Without the pictures, write the listing below out again, line for line.

■ **DATA EXTRACT**:
________________________________________
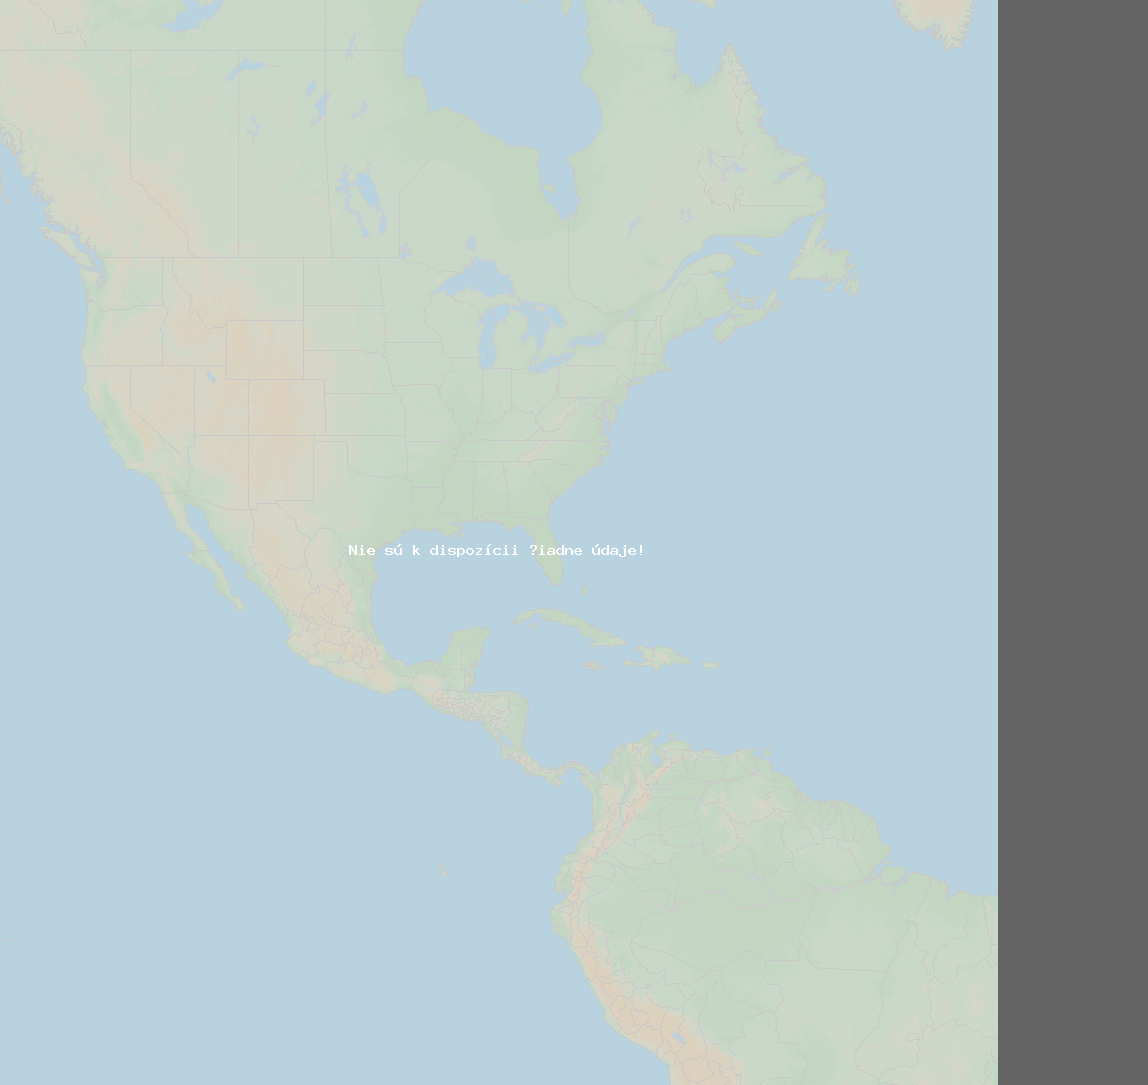 Pomer bleskov (Stanica Lawrence-Dade2) North America 2019 Apríl
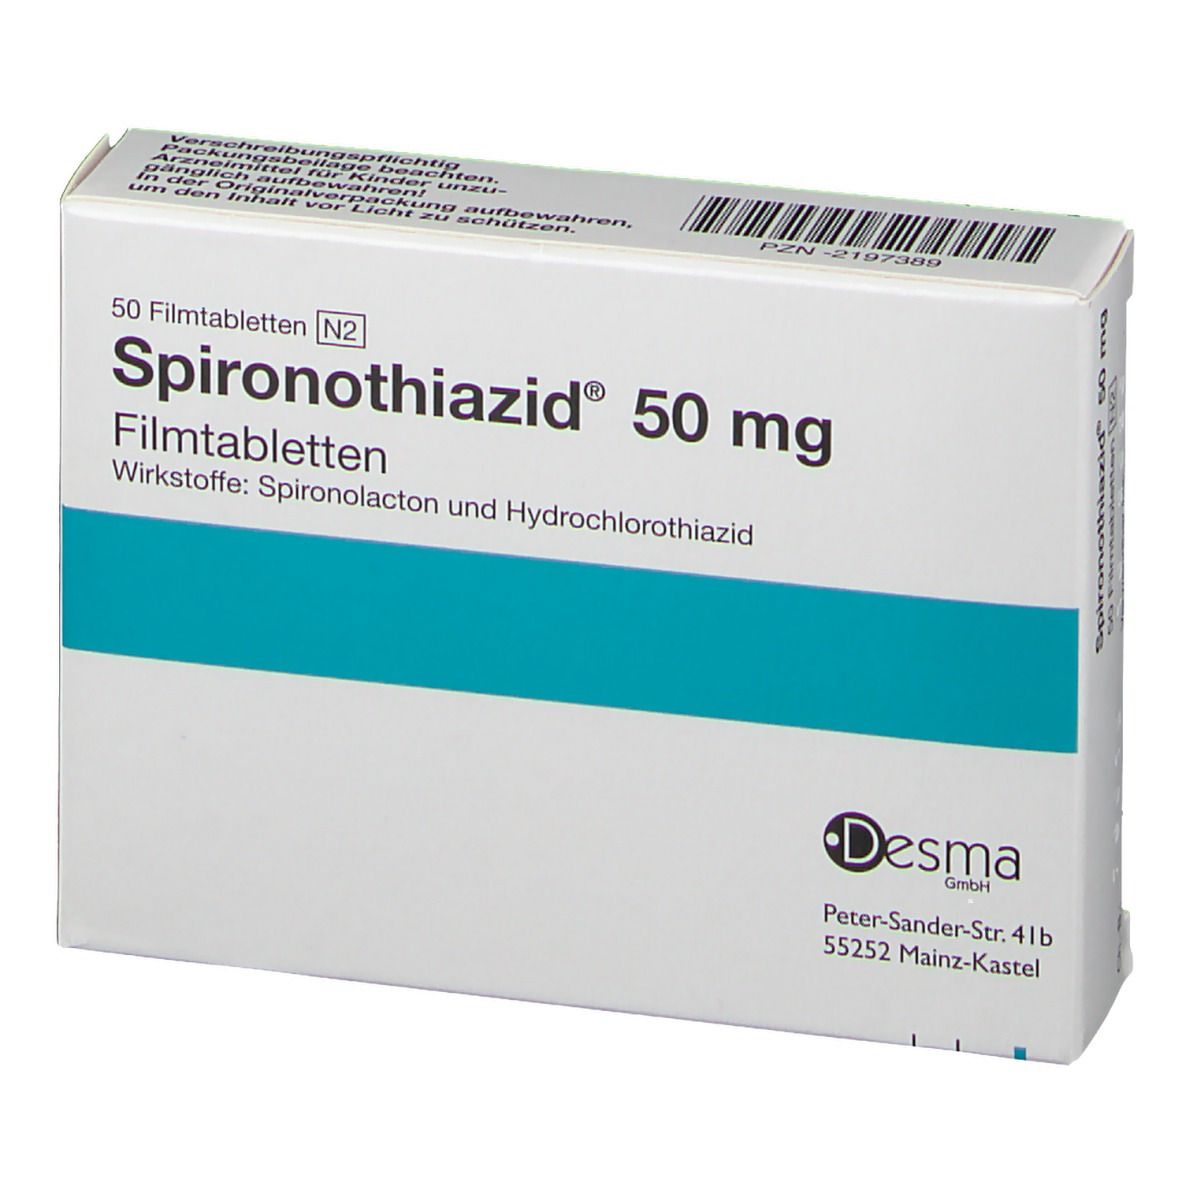 Spironothiazid® 50 mg
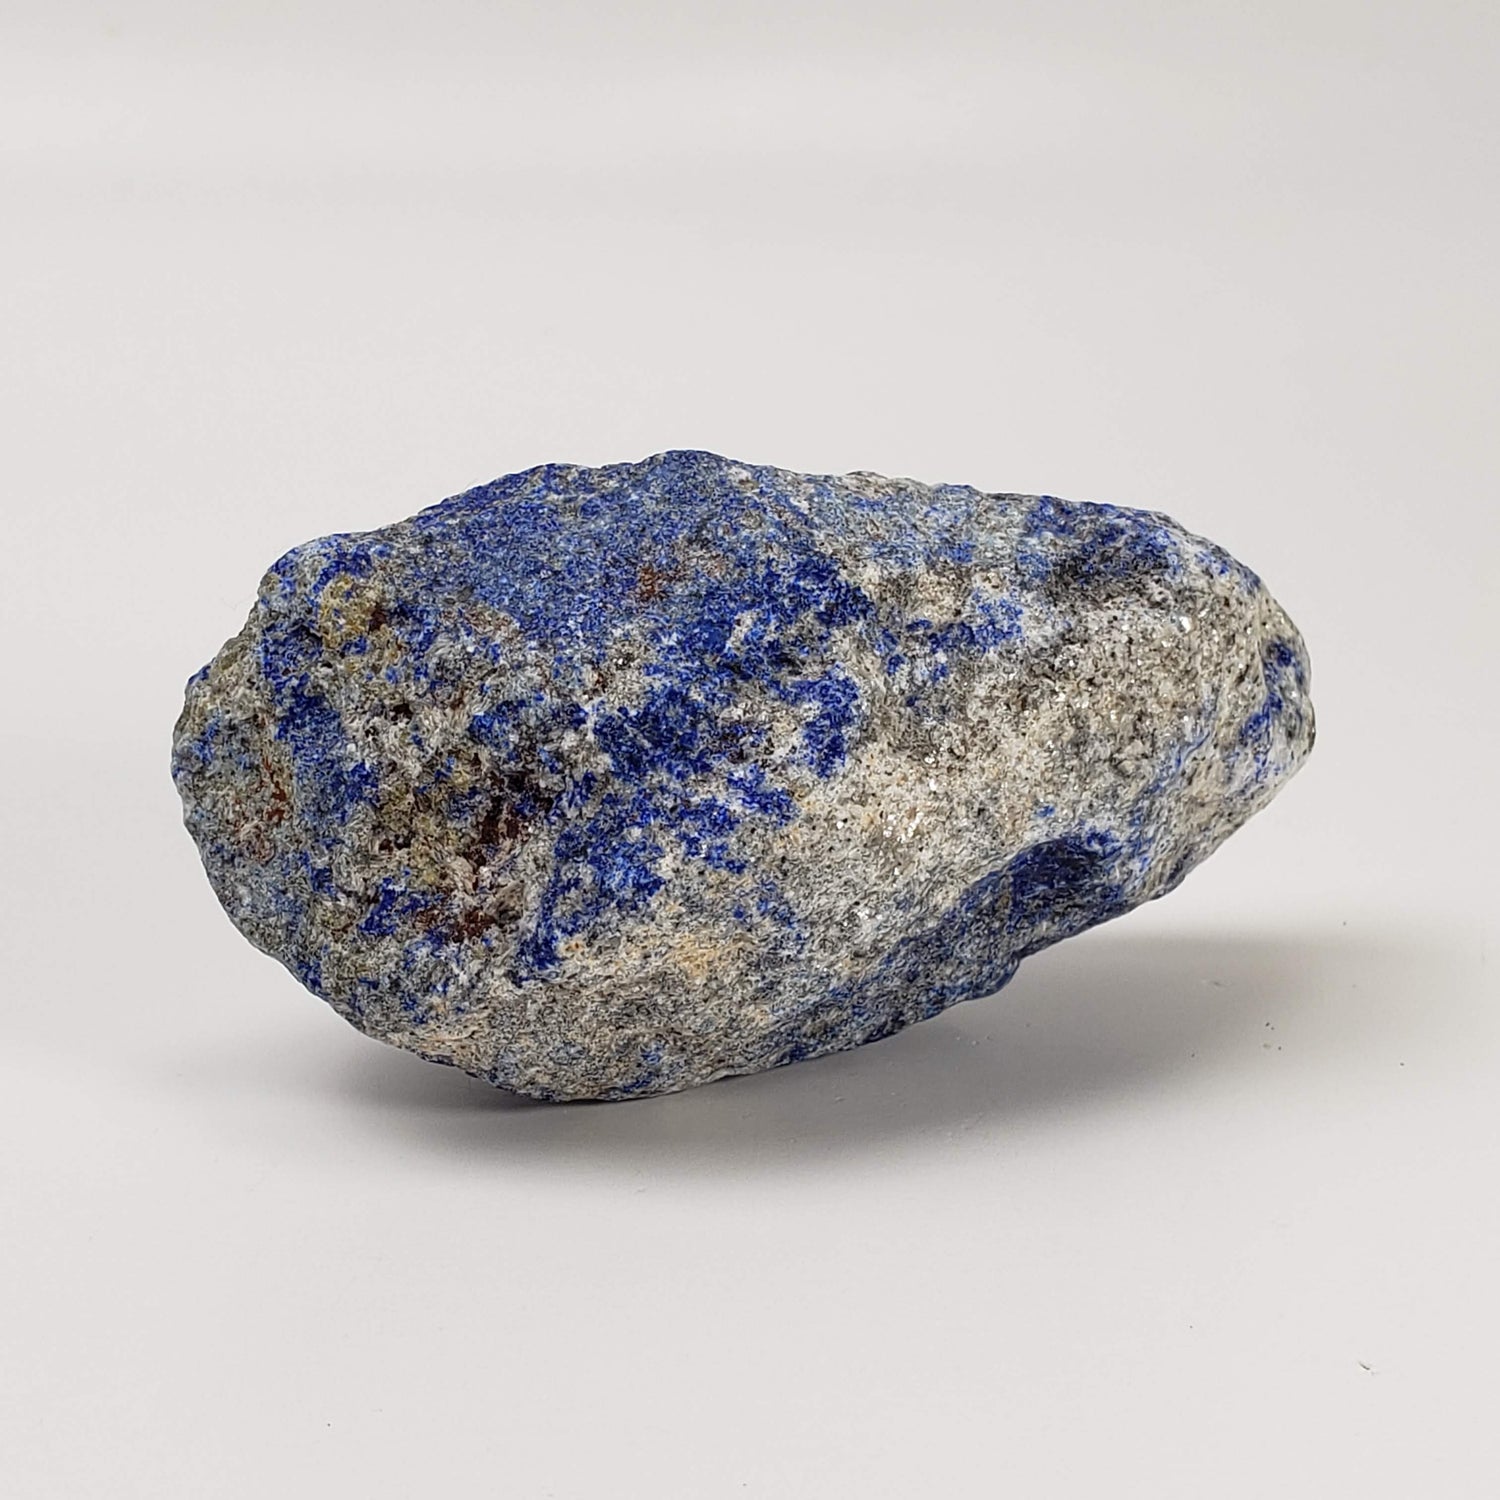 Lapis-lazuli brut | Bleu profond | 111,6 grammes | Afghanistan
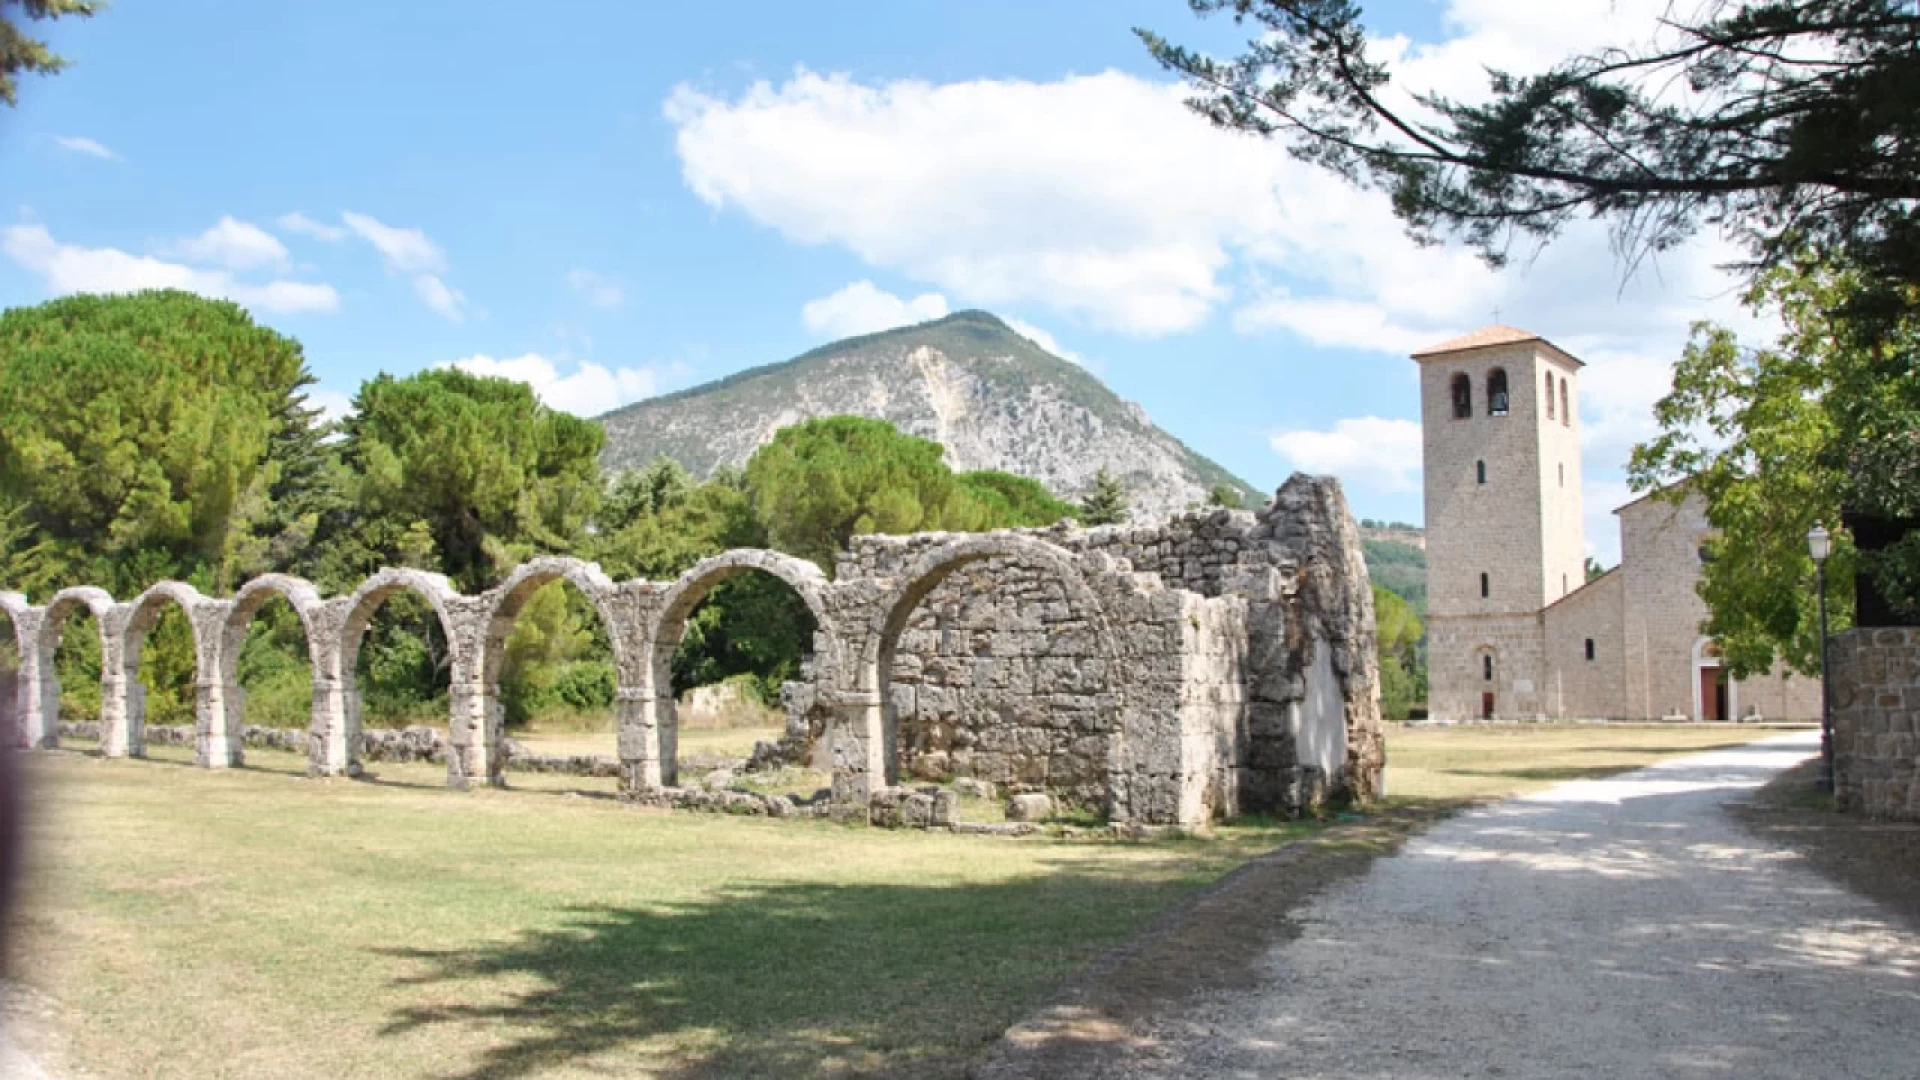 L’Area archeologica di San Vincenzo al Volturno chiusa per due giorni ai visitatori. La nota della Direzione Regionale Musei Molise.
________________________________________
■ **EXERCISE RESULT**:
 Pomer bleskov (Stanica Lawrence-Dade2) North America 2019 Apríl
 Spironothiazid® 50 mg
 Lapis-lazuli brut | Bleu profond | 111,6 grammes | Afghanistan
 L’Area archeologica di San Vincenzo al Volturno chiusa per due giorni ai visitatori. La nota della Direzione Regionale Musei Molise.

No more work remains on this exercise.